Il avait fait très chaud ; exposé en plein soleil durant trois jours entiers, il dégageait maintenant une odeur terrible.
On le ramena sur un brancard ; la tête était enveloppée dans un sac.
Le convoi s’arrêta devant la porte ; en voyant le sac, Marie interrogea son père du regard.
« Les corbeaux, dit Despuech à mi-voix. Que tout le monde reste dans la cuisine ; il ne faut pas qu’elle le voie. »
Les personnes qui attendaient sur le seuil refluèrent précipitamment à l’intérieur de la maison.
Pour monter dans la chambre, on était obligé de traverser la cuisine. Au moment où elle entendit grincer les chaussures des hommes qui peinaient en portant leur fardeau macabre, la mère voulut se lever du fauteuil où deux femmes s’efforçaient de la maintenir assise ; il y eut autour d’elle une affreuse bousculade. « Tenez-le, tenez-le », disait un des hommes en haletant : l’escalier était si raide que le corps glissait sur son brancard. Une chaise tomba ; au milieu de ces respirations heurtées, de ces raclements de pieds et de ces froissements, cela fit un bruit épouvantable. On aurait dit qu’on se battait avec le mort, ou peut-être avec la mort elle-même. Ce combat silencieux avait quelque chose de sinistre qui éprouva les nerfs de tout le monde.
Une odeur d’œillet se répandit dans la pièce : pour lutter contre la puanteur, une femme avait cru bon de verser du parfum sur le sol ; liée à de telles images, l’odeur paraissait atroce ; elle ne faisait que rendre l’autre encore plus insidieuse. Ce mélange de fleurs mortes et de chair corrompue soulevait le cœur au point qu’une jeune femme sortit pour vomir ; Joseph sortit sur ses talons, pâle, prêt à vomir lui aussi. Il redoutait plus que tout d’être forcé de voir son père une dernière fois. « Avec la chaleur qu’il fait, chuchota quelqu’un, il faudrait le mettre en bière tout de suite. » Le jeune homme resta un moment assis dehors, la tête entre les mains, anéanti par l’abominable réalité de la mort, devant laquelle la réalité de la vie paraissait accidentelle et irréelle ; en quelques secondes, il venait de perdre confiance en tout. Il regardait ses mains avec horreur : c’était donc cela, la mort : une rupture d’équilibres subtils qui livrait brusquement un corps vivant à d’autres lois que les siennes, qui brisait, dénonçait une solidarité d’espèce pour établir une relation hostile entre la dépouille d’un homme et ceux qui l’avaient aimé. C’était cette incompréhensible précipitation, cette présence du danger, tout aussi incompréhensible, ce combat contre un ennemi invisible et tout-puissant ; c’était cette odeur qui alertait un sens plus vigilant que tous les autres sens et dont on sentait, jusque dans le dégoût, la terrible majesté – comme si, avec un peu d’attention, on eût fini par déceler dedans non pas seulement de répugnantes modifications physicochimiques, mais une métamorphose solennelle et fondamentale, le trouble renoncement de quelque chose à la durée.

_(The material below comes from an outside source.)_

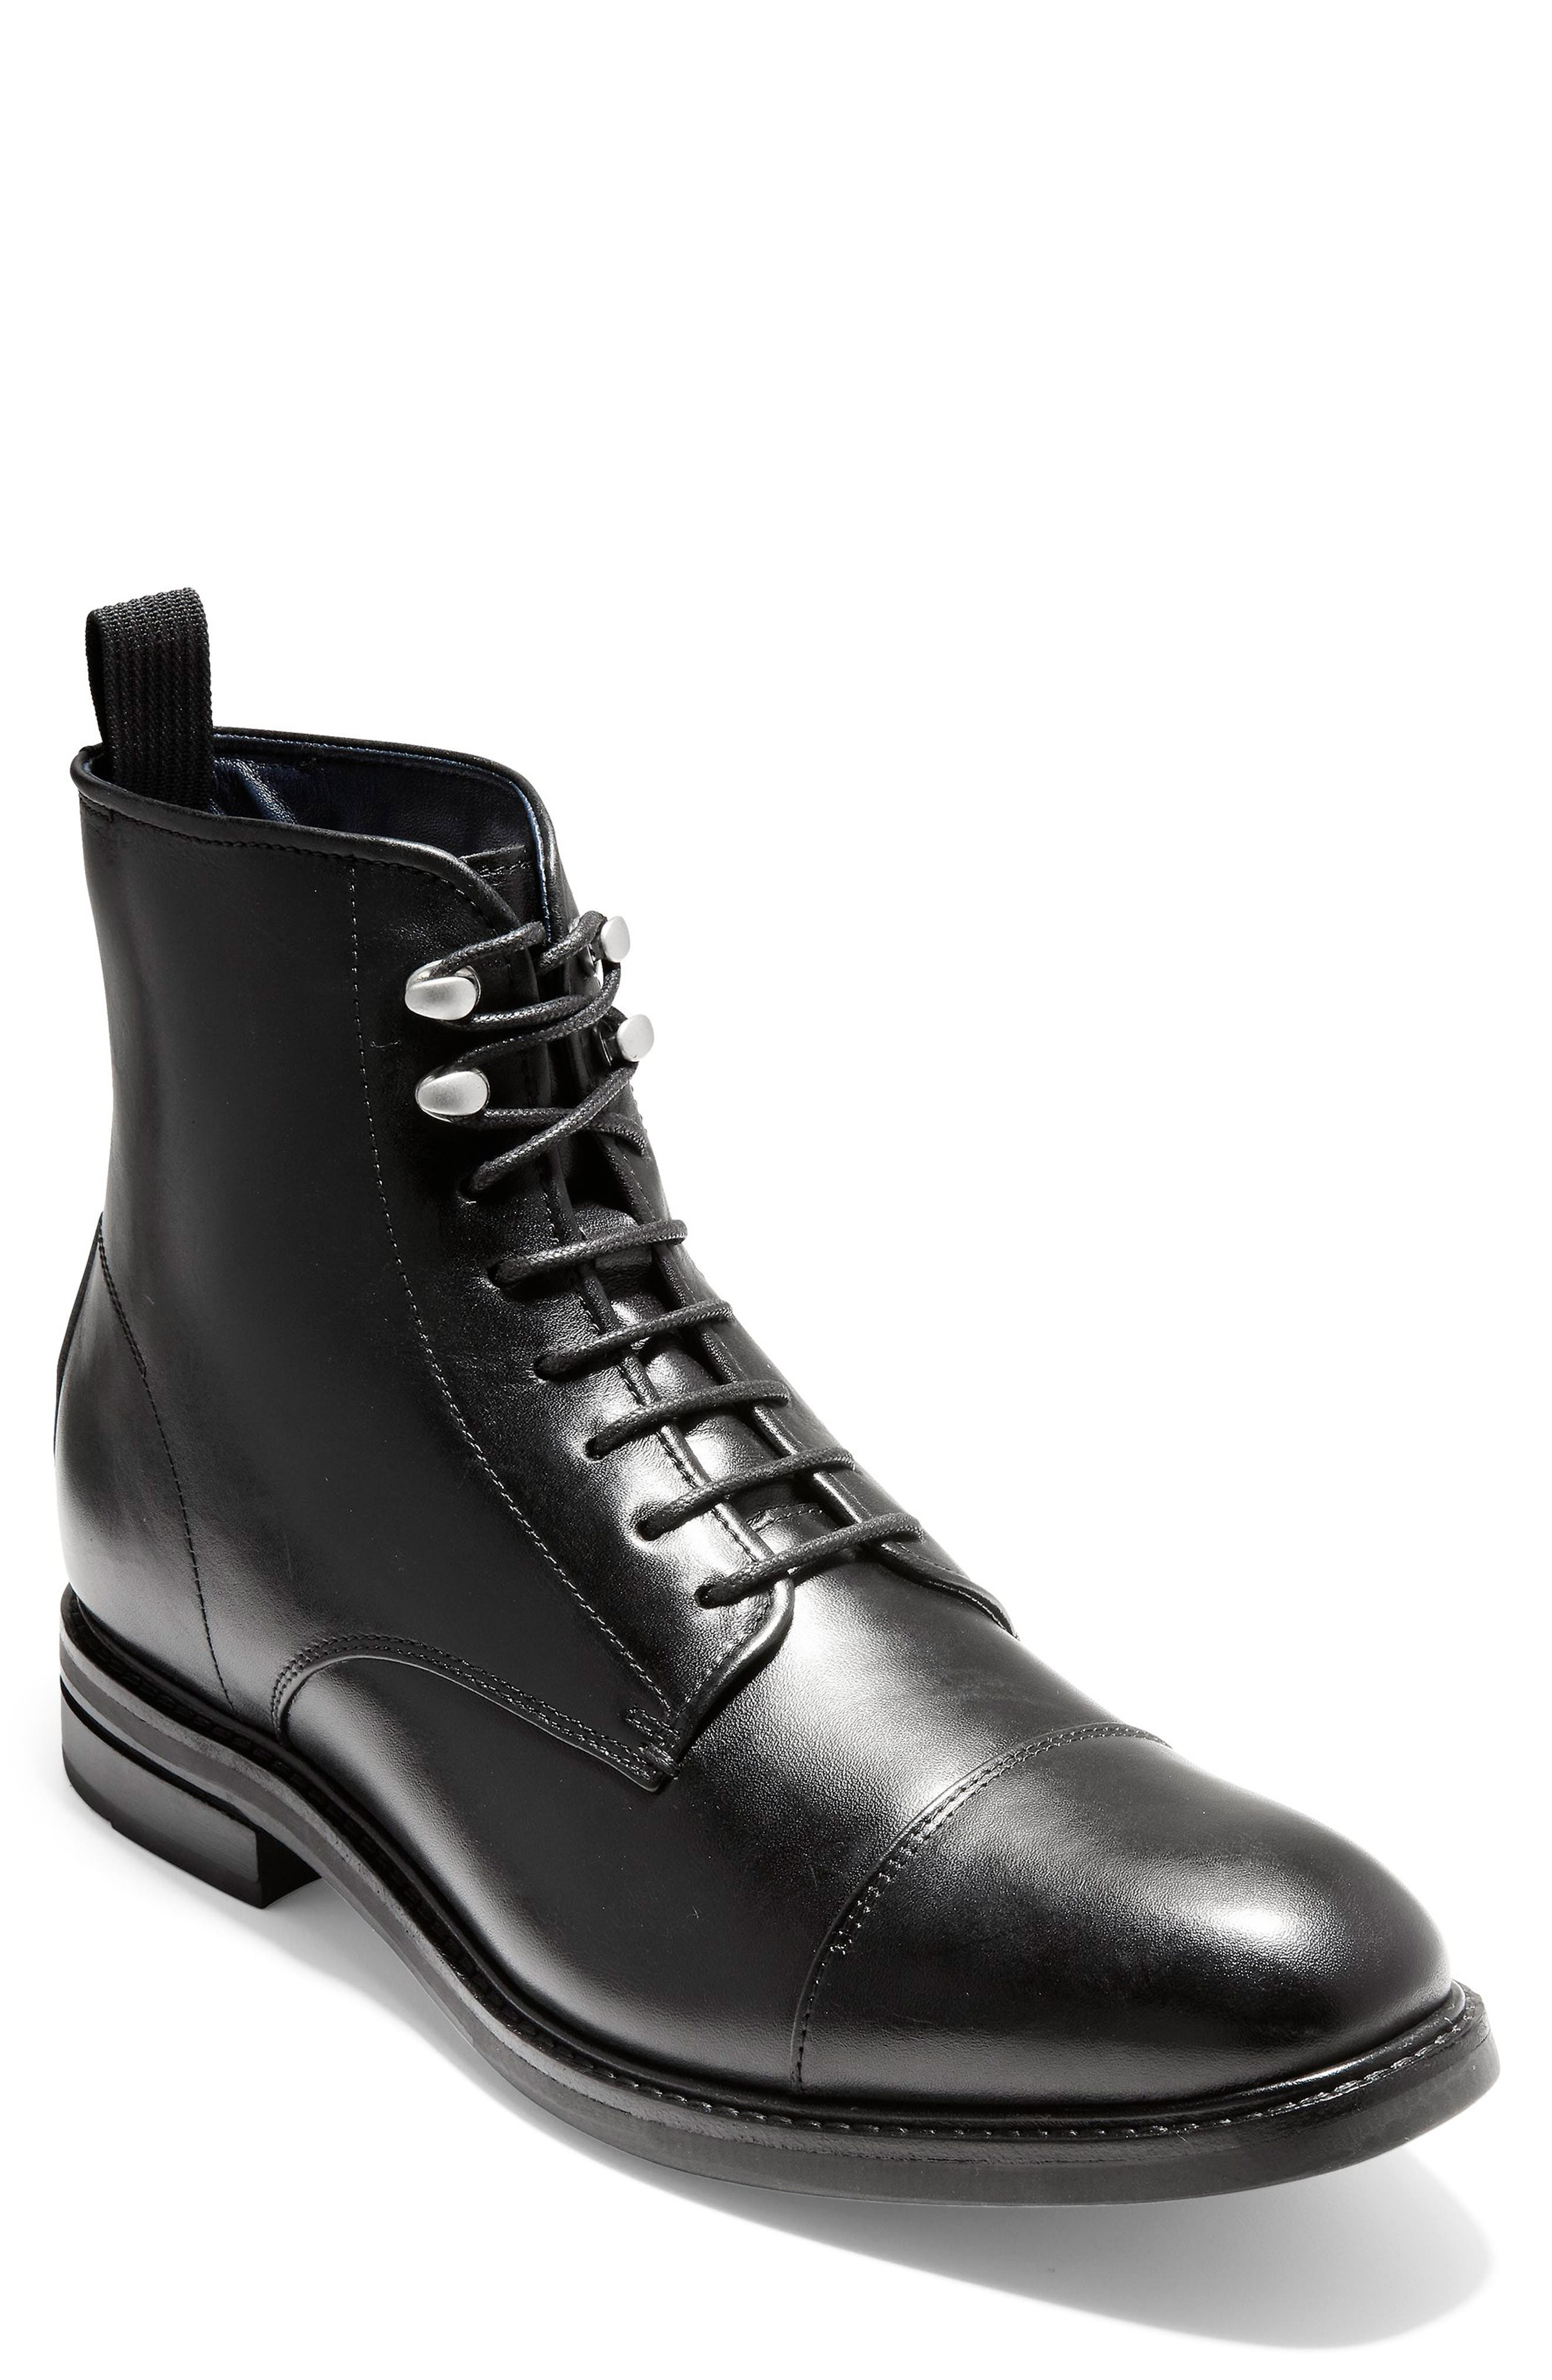 Wagner Grand Cap Toe Boot,                             Main thumbnail 1, color,                             BLACK LEATHER
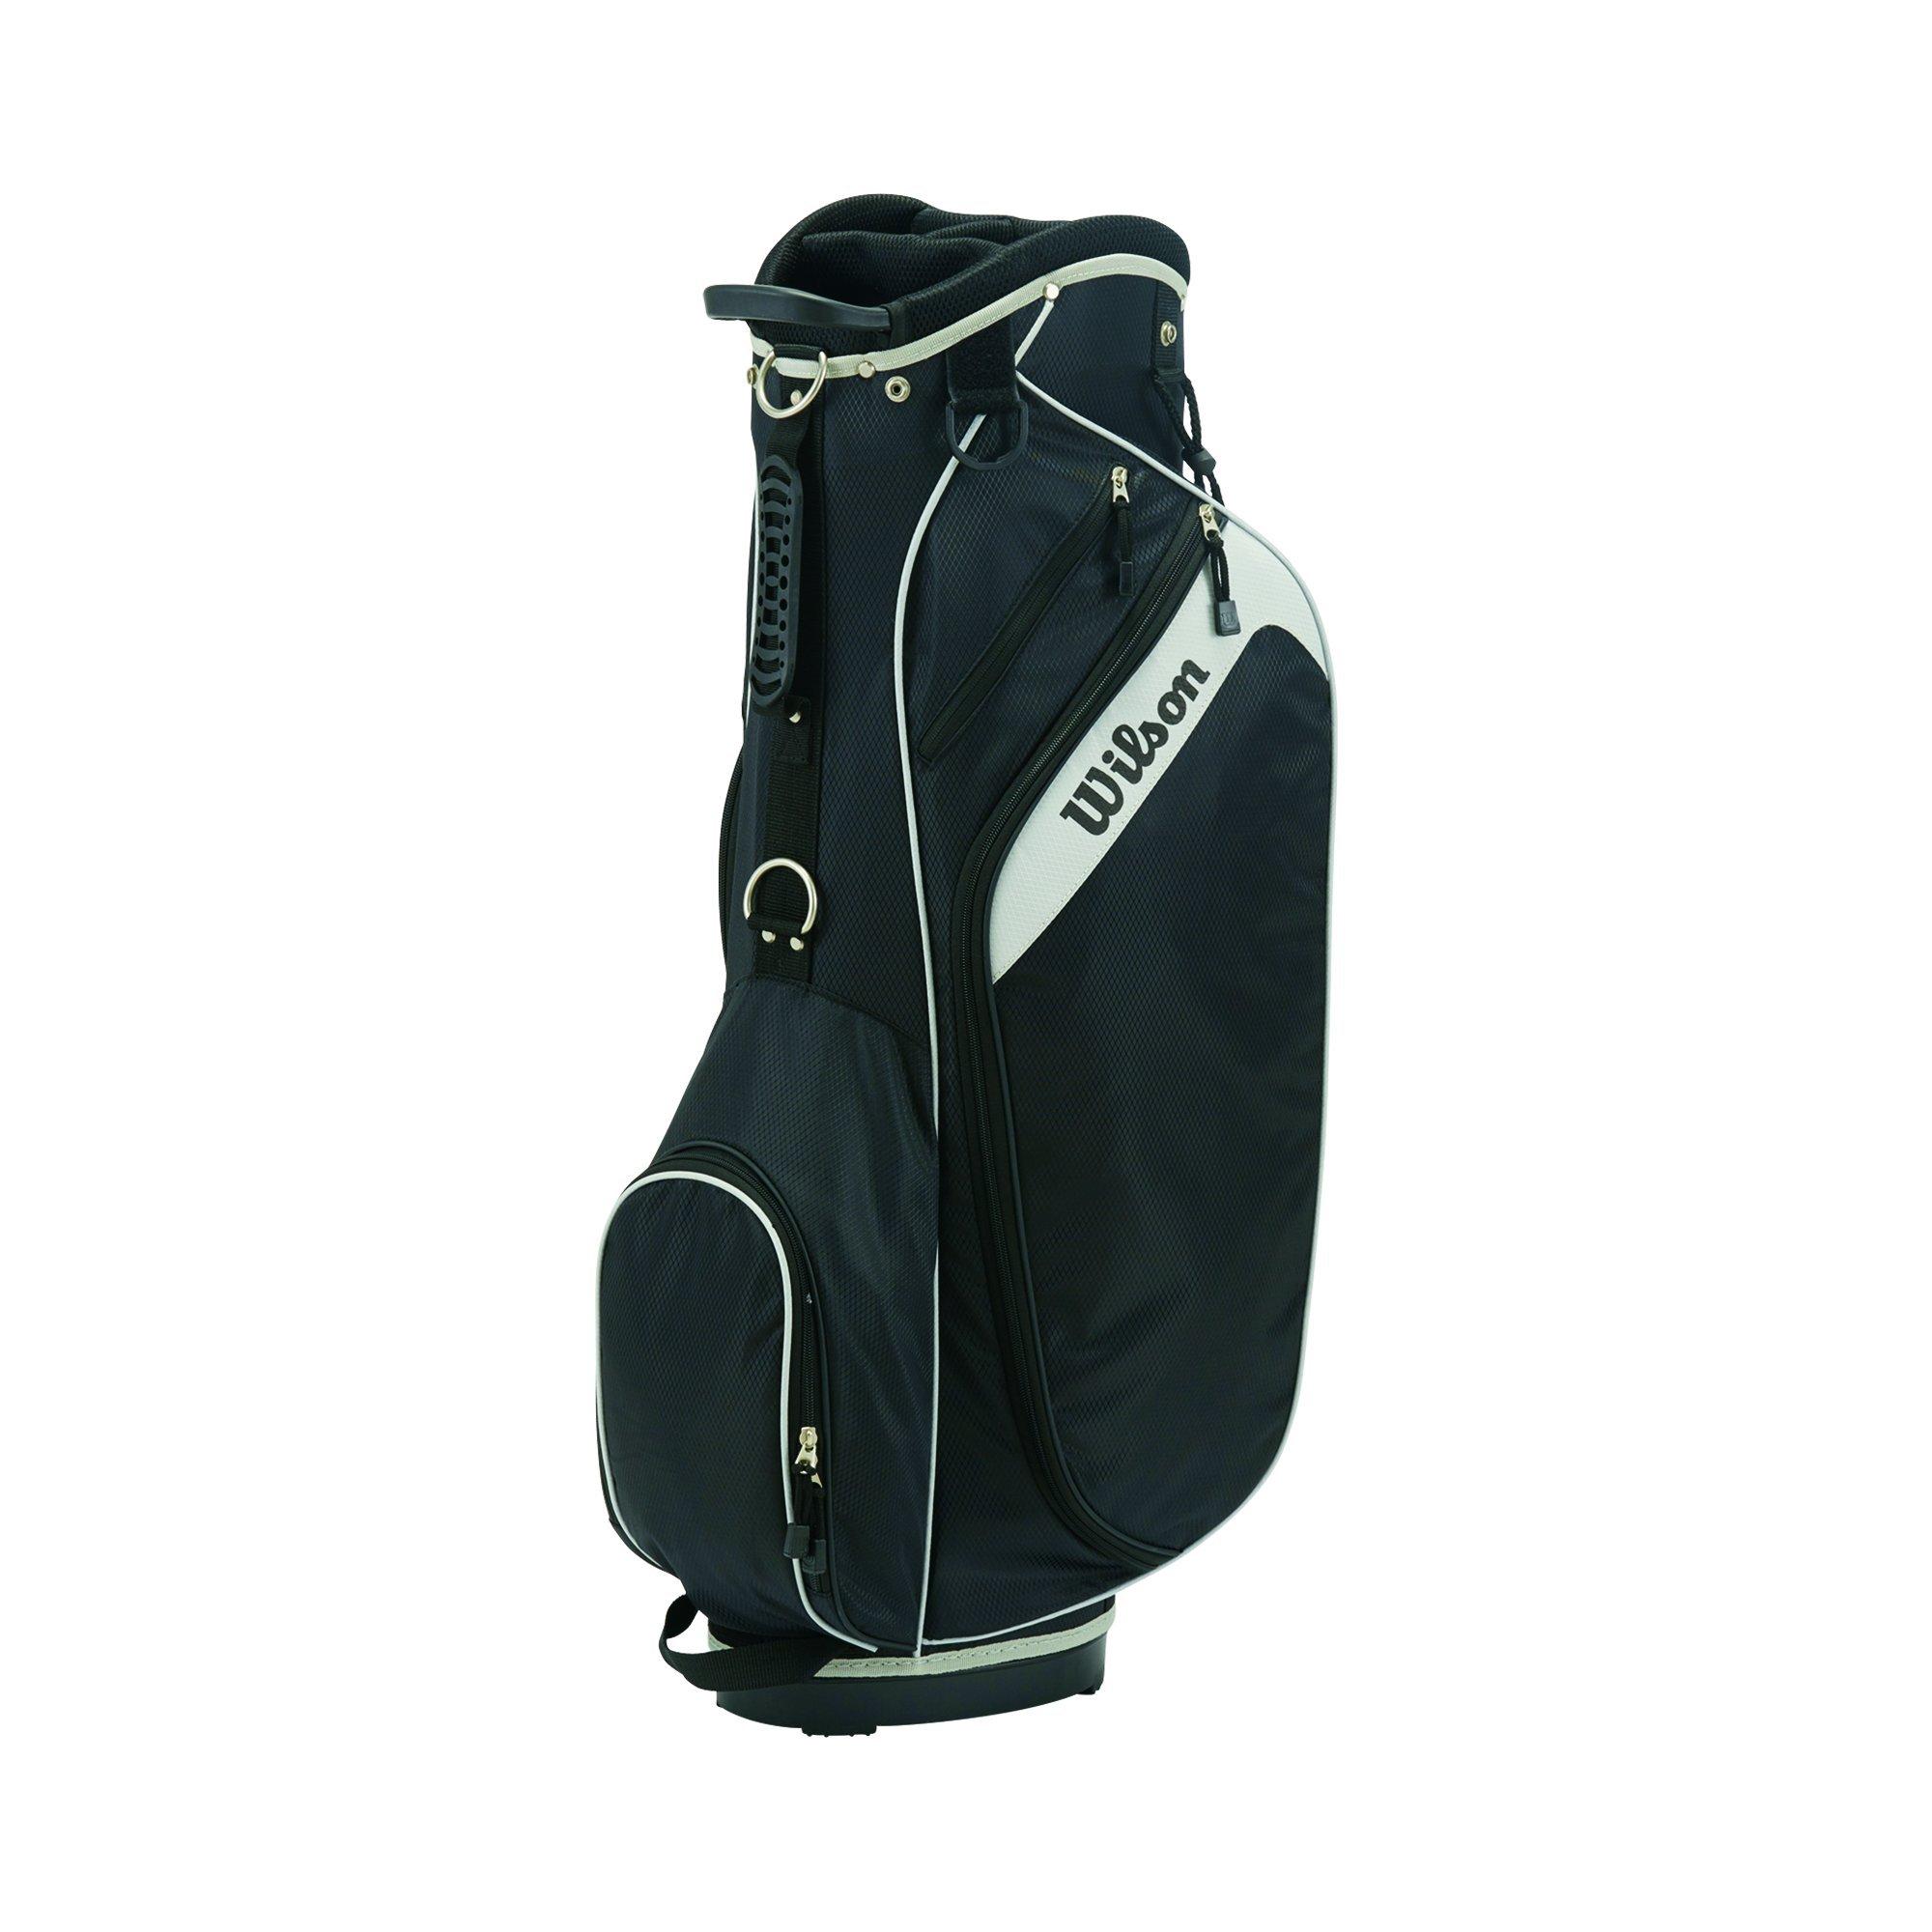 Wilson Golf Unisex Wilson Profile Bag Wilson Profile Golf Cart Bag, Black by Wilson Golf (Image #1)

Tandis que la lutte silencieuse continuait au premier étage en faisant lentement craquer les solives l’une après l’autre, la mère, les mains ramenées sur la figure, balançait le buste d’avant en arrière dans une sorte d’affreux bercement : promener sa douleur dans l’espace de ce va-et-vient lui donnait l’illusion d’atténuer celle-ci et de l’aider à chasser certaines images de son esprit ; soudain elle s’immobilisa, cédant à l’atrocité de ces images, qui s’imposaient à elle avec autant de force et de précision que si une intuition infaillible lui avait permis de percevoir tout ce qu’on avait essayé de lui cacher ; l’horreur dominait son chagrin et semblait même en pervertir la nature en faisant du disparu l’objet d’une répulsion intolérable ; il y avait dans cette chose macabre et puante qu’on était en train de plier dans un drap et d’installer sur un lit, une substitution violente que l’esprit n’avait pas eu le temps d’admettre, ni l’oubli de tempérer. Avec ce cadavre défiguré, et sans doute déjà grouillant de vers, l’Ennemie quittait son antre habituel et trônait avec insolence dans la maison des vivants en étalant au grand jour ses attributs obscènes.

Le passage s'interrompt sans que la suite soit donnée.